In this article, we explain when mandatory ventilation is used, how pressure-controlled and volume-controlled ventilation differ, and which modes WEINMANN ventilators offer to support mandatory ventilation.

What does mandatory ventilation mean?

Continuous mandatory ventilation (CMV) is a method of ventilation in which the ventilator assumes complete control of breathing. This mode is frequently also called simply “controlled ventilation”. In mandatory ventilation, the ventilator takes on the whole work of breathing and ventilation (total ventilatory support), so the patient is unable to influence ventilation in any way.1

The term “mandatory” is to show that parameters such as respiratory rate and tidal volume/inspiratory pressure are specified in advance and are, as it were, “forced upon” the person being ventilated. The mechanical breath is initiated and ended by the ventilator. The duration of inspiration is time-controlled. 

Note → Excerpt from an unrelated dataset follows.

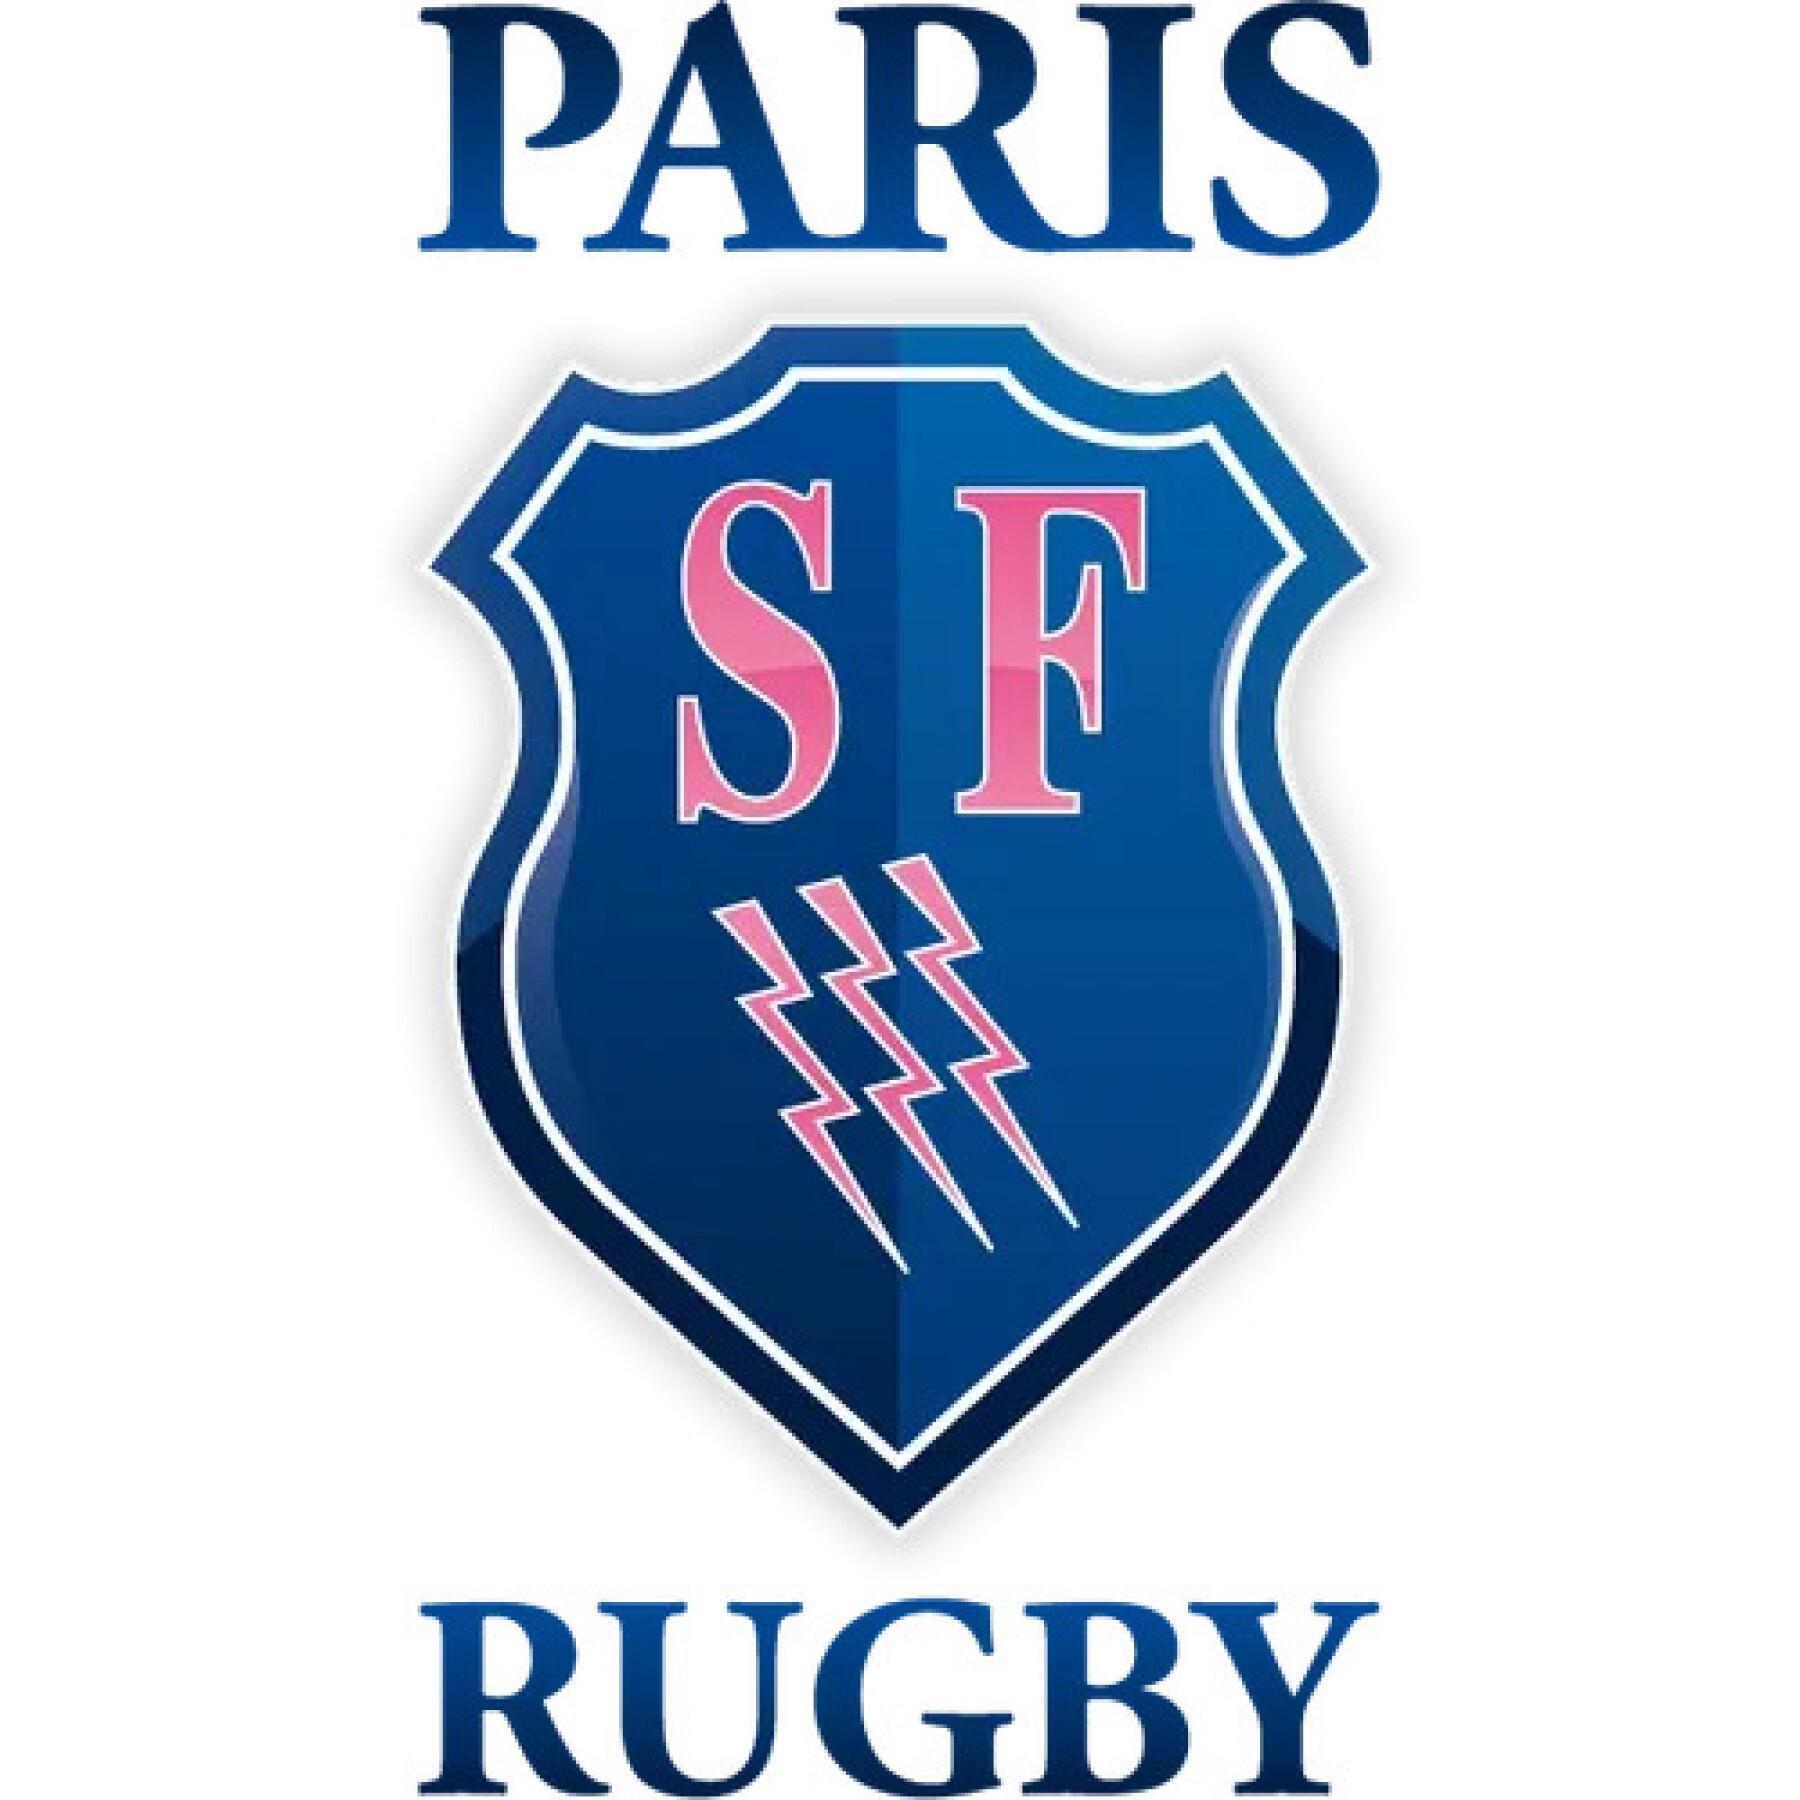 Home jersey Stade Français Paris 2019/20
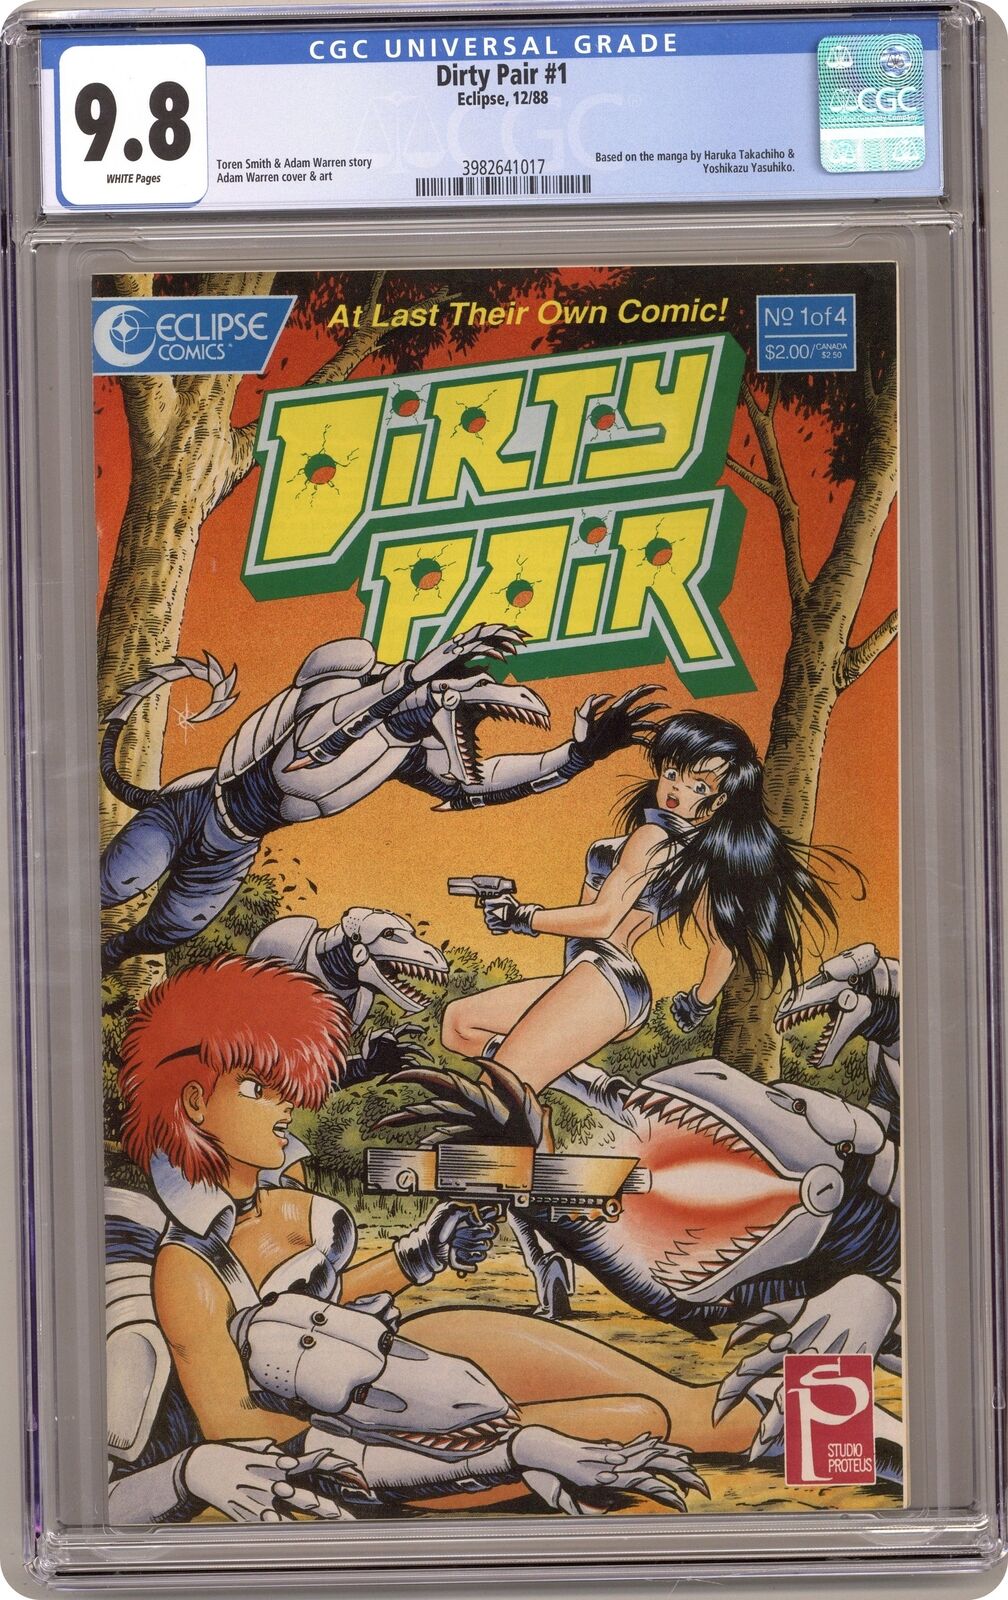 Dirty Pair #1 CGC 9.8 1988 3982641017

Mandatory ventilation is indicated when there is little to no spontaneous breathing, as this is scarcely taken into account during ventilation, if at all. It can be performed on both a volume-controlled and a pressure-controlled basis.2

Volume-controlled mandatory ventilation

Volume-controlled mandatory ventilation (VC-CMV) is often referred to as VCV ventilation, though this name also includes other volume-controlled ventilation modes, e.g. IPPV.2

VCV ventilation is a form of ventilation in which a fixed tidal volume (Vt) is specified. The resulting airway pressure depends on the patient’s airway resistance (resistance) and on the degree to which the lungs can inflate (compliance). The higher the resistance/the lower the compliance, the higher the inspiratory pressure (pInsp) required.2 If the specified tidal volume is not reached, inspiration is canceled and an alarm indicates the inconsistent volume supply. 

Minute volume results from tidal volume and the set ventilation frequency. Ventilation frequency is time-controlled and is determined by the ratio of inspiratory time to expiratory time (I:E) specified in the ventilator. 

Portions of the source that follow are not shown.